Wednesday, July 17, 2024

Patagonia - one way to force the issue

If I were asked to imagine the work culture at Patagonia, I'd say it was outdoors-y (duh!), crunchy-granola, do-goody, and young. And very conscious of and committed to their workplace culture. 

But even the most crunchy-granola, do-goody companies sometimes have to have lay-offs. And Patagonia recently had to thin the ranks and pinkslip one-third of their customer service reps. During the pandemic, when we were all stuck in doors except for the times when we were all out experiencing the great outdoors on our own or with our pods, Patagonia had hired a lot of CSR's to staff their CX (Customer Experience) department - to the tune that they were "running 200-300% overstaffed for much of the year." I don't know how "200-300% overstaffing" gets resolved by getting rid of one-third of the workers, but layoff math does tend to get a bit squirrelly.

Anyway, a couple of weeks ago Patagonia informed 90 of their CSR's (CXR's) that they had a choice: they could relocate to live closer to one of Patagonia's seven hub cities or accept a severance package. 

All 90 of the pinkslipped are remote. But so are the 160 or so other CSR's/CXR's who didn't get the heave-ho offer. The other guys just happen to live within 60 miles of, and in the same state as, a hub city. (The hubs are Reno, Salt Lake City, Dallas, Austin, Chicago, Pittsburgh or Atlanta. None curiously, in California, where Patagonia HQ is located.)

Amazingly, for a do-goody, crunchy-granola company, Patagonia is as sucky at layoffs as almost every other company in the whole wide world, as demonstrated by the way the pinkslips were delivered.

On layoff Tuesday:
...the affected workers had their customers service calls shut down and were told to join a video conference “town hall” meeting with management.

"For the half an hour between when they turned the phones off and when they had the meeting, it was super anxious," the customer service employee said. "Nobody knew what was going to happen.

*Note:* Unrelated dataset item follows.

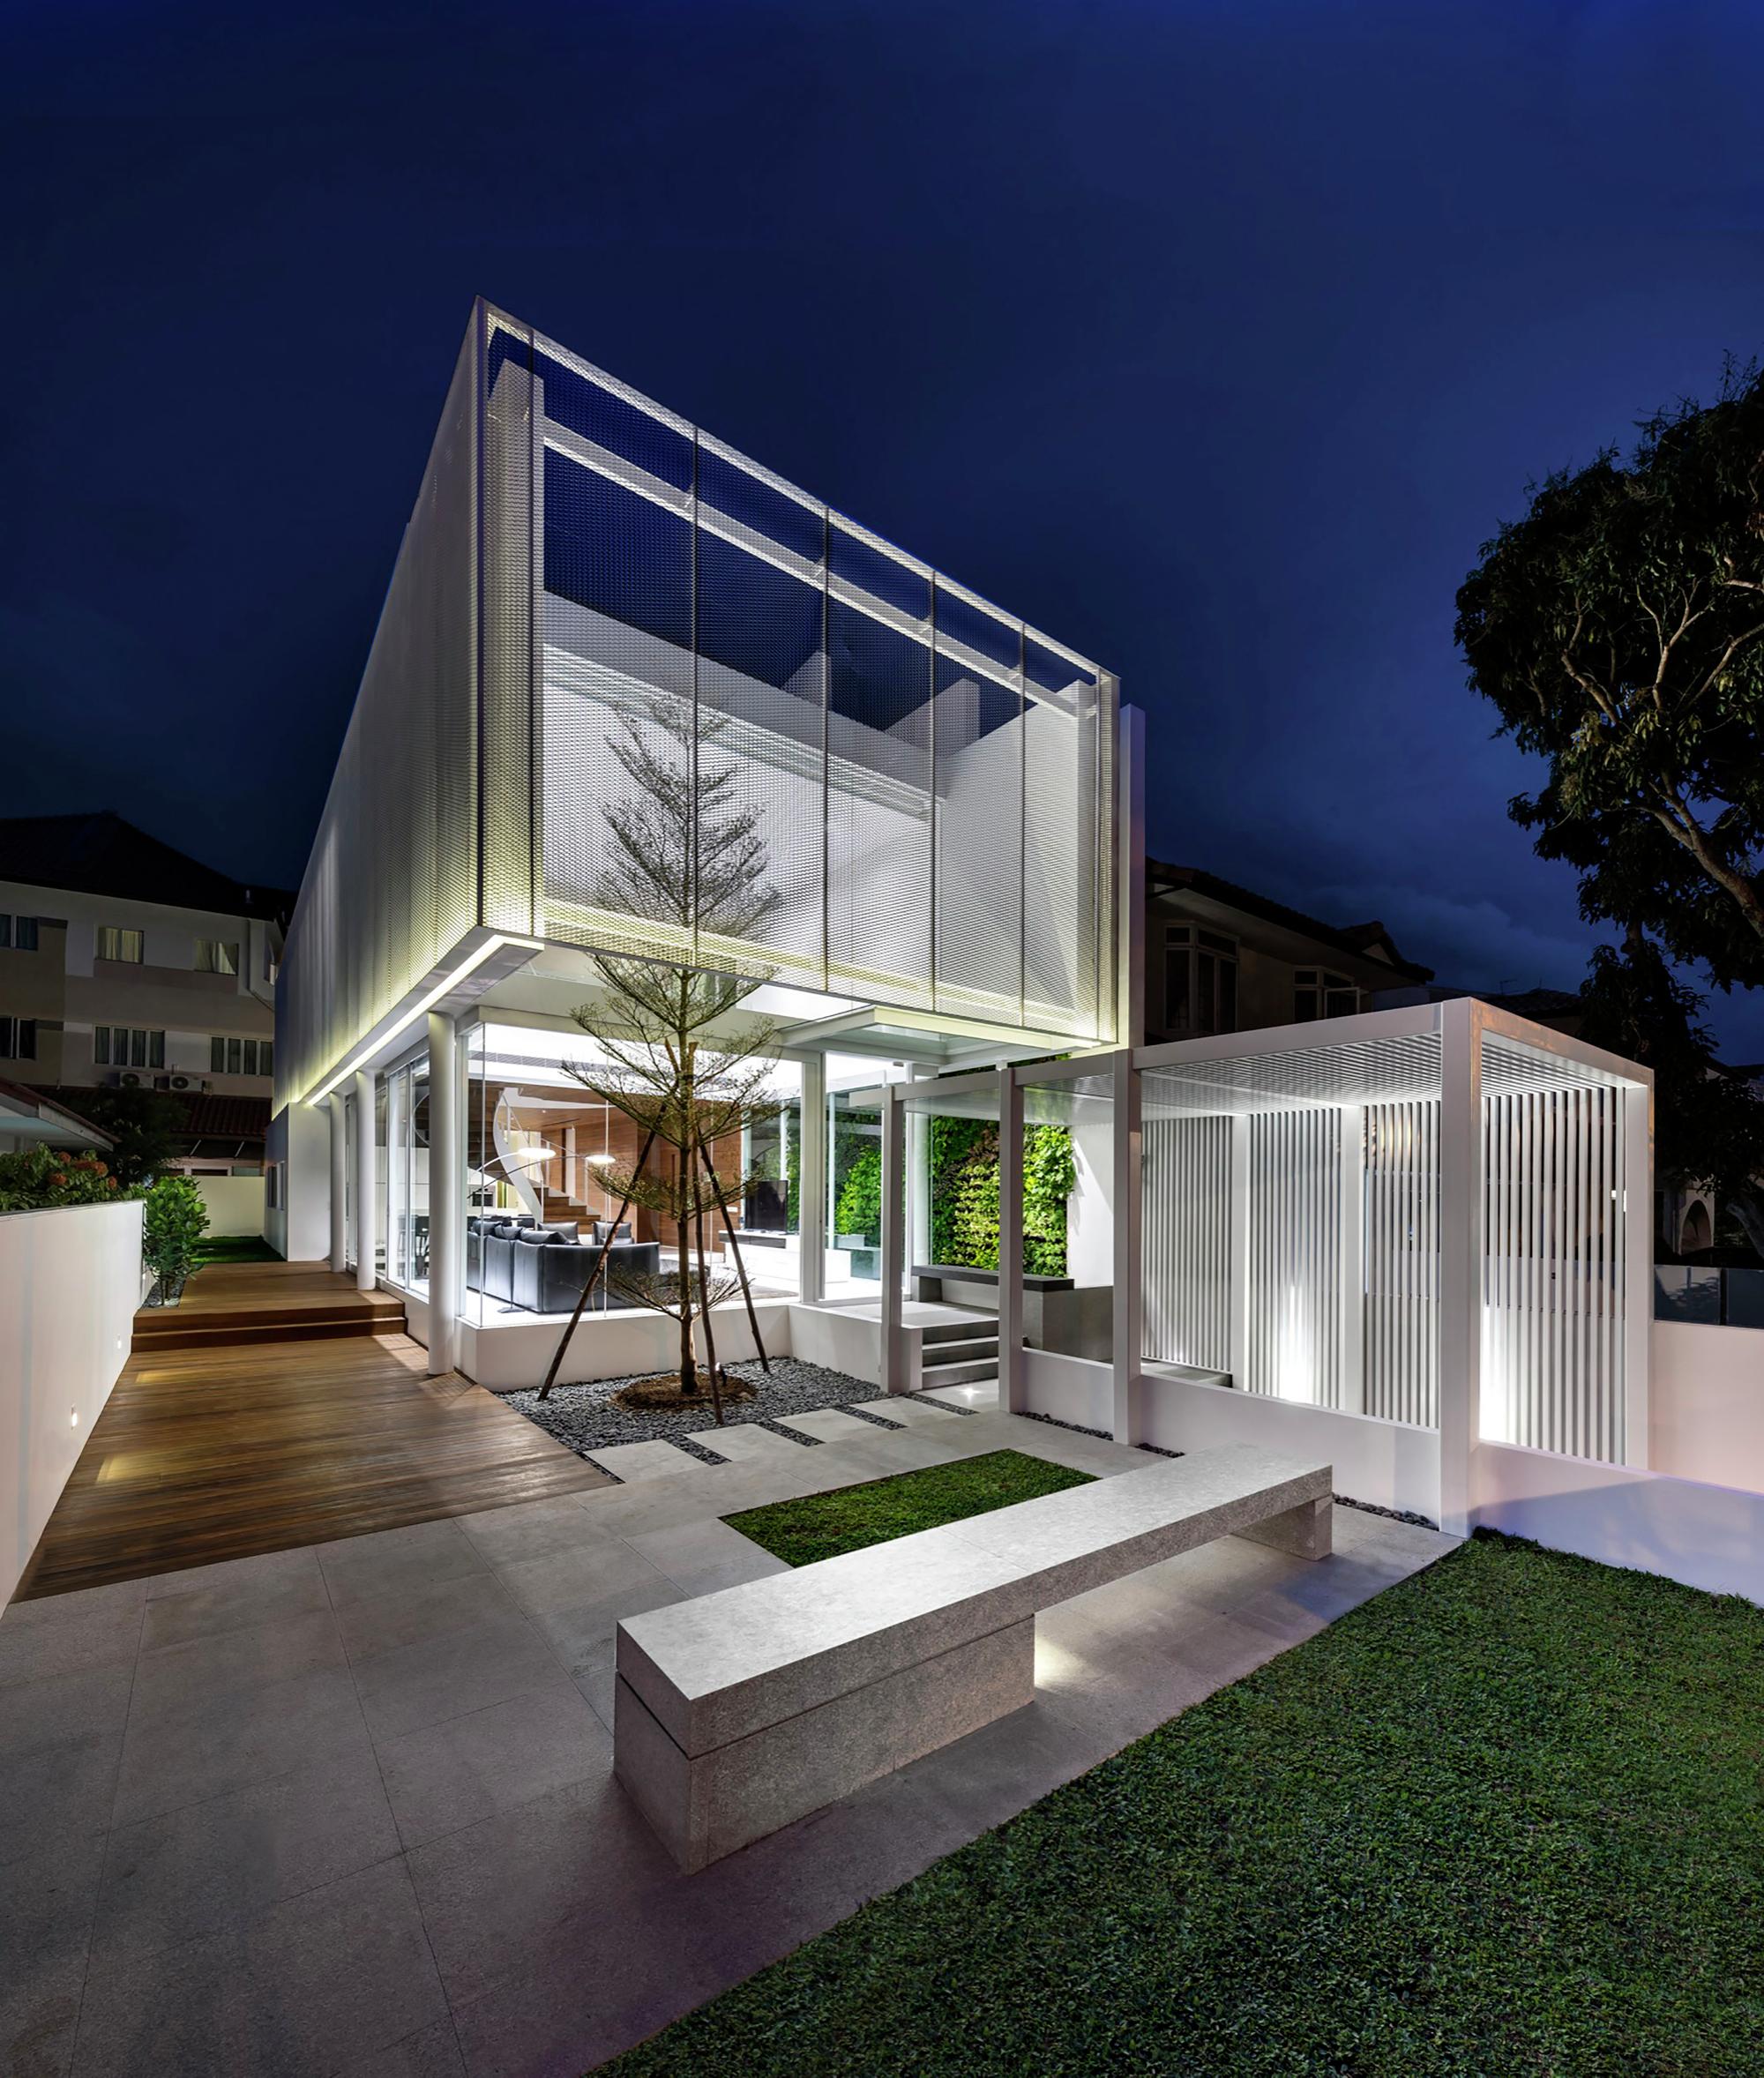 Galeria de casa greja park associates 6 for Casa moderna 7 mirote y blancana

They never do anything like this, an unscheduled meeting." (Source: Ventura County Star)

Oh, there are suckier ways - mass emails or texts, anyone? - but turning off systems access is right up there. (I once worked for a company that, a couple of days before a big layoff, edited the company contact list and put a "Z" before the names of everyone scheduled for the RIF. It didn't take long for someone to figure out that all you had to do was scroll to the bottom of the employee roster and see if your name had a "Z" in front of it all of a sudden.)

The reasoning behind locating closer to a hub was the importance of in-person culture. But the reps near the hub cities will still be allowed to work remotely, except for one in-person day per month.

“What we learned, with all of these employees being fully remote, is that our culture and some of the things that we really hold dear in our culture were suffering, because people weren’t together,” [spokesperson Corley Kenna] said.

The hope is that the remote reps will flock into the hub to:

..."participate in community events, film screenings, yoga, group runs, everything we offer at our locations,” Kenna said. “We’re Patagonia, so we love to encourage people to get outside together and engage with the community.” 

But, but, but...how does coming into your local hub once a month save the held-dear culture from suffering? Why couldn't a worker remoter-than 60 miles get into the hub for "in person connection" once a month and stay put in their home. (Employees at the California home office are expected to work in-person three days a week.)

I'm guessing that even though the reps will only be required to come in one day a month, they'll see the handwriting on the rock-climbing wall and realize that they better get their quarter-zip selves into the office a lot more than that for the group fun-fests.

The kicker here was that the impacted employees were given just three days to make the should I stay or should I go decision. Three days!

During the meeting, everyone listened in disbelief, according to the customer service employee who spoke with The Star. Having just three days to decide whether to move to Reno, Pittsburgh or any of the other cities was particularly upsetting, the employee said.

"It’s a huge decision to make if you're going to uproot your life and go to another city, and you're supposed to decide that in two or three days?" the employee said.

No surprise that most of the 90 CSR's/CXR's are taking the severance package. (Three days!!!) 

The package is reasonably good - a minimum of 13 weeks, 2 weeks per year for those who've been with Patagonia more than 6.5 years - and includes a year's work of medical insurance. So there's that.

And don't get me wrong. I'm a believer in workplace culture, and I think a strong, positive culture is best achieved when employees are all under one roof at least a couple of days a week. I like the hybrid model that many companies now have in place, with a couple of days working from home (eliminating commuting stress and giving employees more flex for running errands, etc.) and the rest in person.

It's just that Patagonia's way of forcing the issue strikes me as strange. Between the three-day take-it-or-leave it offer, and the only one day in person, I just don't get it. Not for a do-goody, crunchy granola company like Patagonia.